Si les trois premières saisons affichent un rapport moyen d’une femme pour cinq hommes, les saisons suivantes, notamment la cinquième et la sixième, affichent une progression encourageante avec près de 29 % de femmes ayant accepté de participer en 2011 – 2012. Le 27 novembre 2012, dans l’émission radiophonique diffusée sur Europe 1 « Le grand direct des médias », Frédéric Taddeï réaffirme cette volonté d’optimiser cette parité homme/femme, tout en évitant de tomber dans l’écueil sexiste du discours féminin minoritaire, ne se distinguant que pour cette caractéristique :

« On essaie d’avoir au minimum un tiers de femmes par plateau.

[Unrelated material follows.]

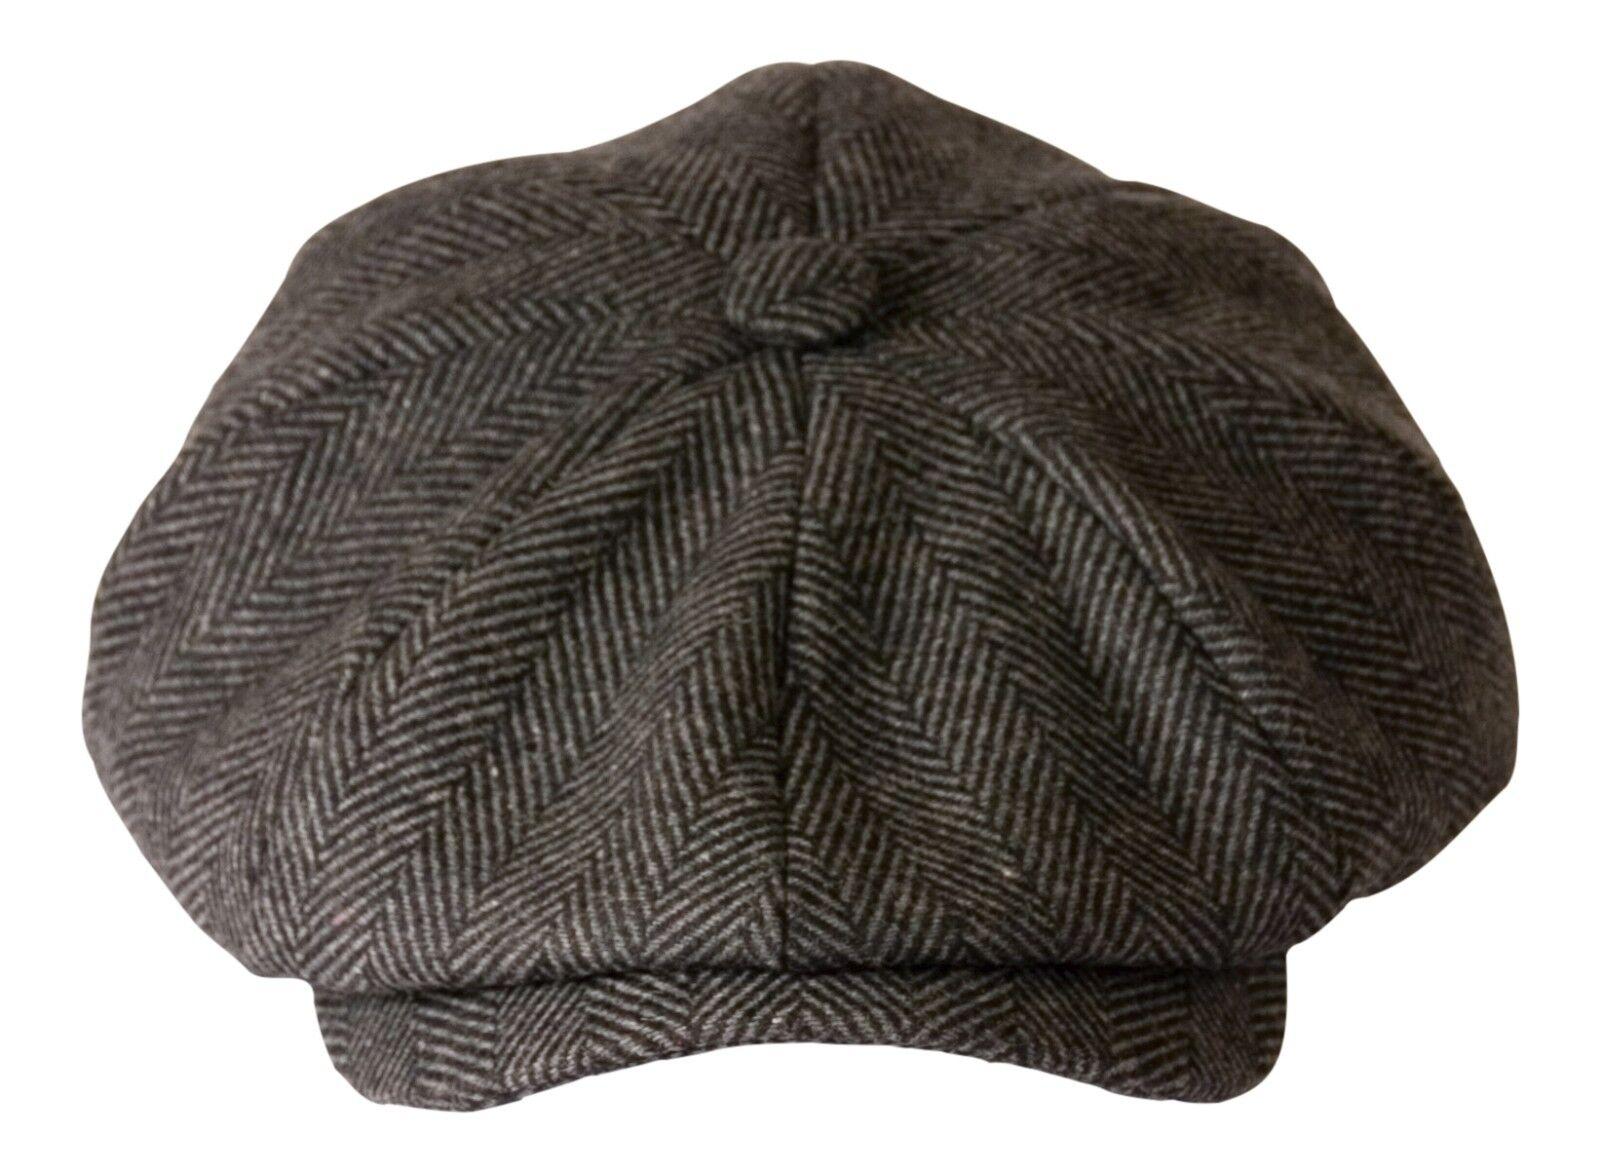 88976eec0cf2b  shelby  Grey Herringbone Wool Newsboy Button Top Flat Cap by Gamble   Gunn  XXXL 65cm for sale online

Je fais partie de la commission sur l’image de la femme dans les médias et l’une des membres m’avait expliqué un jour qu’à partir du moment où il y a un tiers de femmes dans un groupe d’hommes ou un tiers d’hommes dans un groupe de femmes, au moment où la minorité va se mettre à parler, si ils sont au minimum d’un tiers, ils vont être des individus alors que s’ils sont 20% on va dire : "ah c’est la femme qui parle". »1

1 Émission présentée par Jean-Marc Morandini.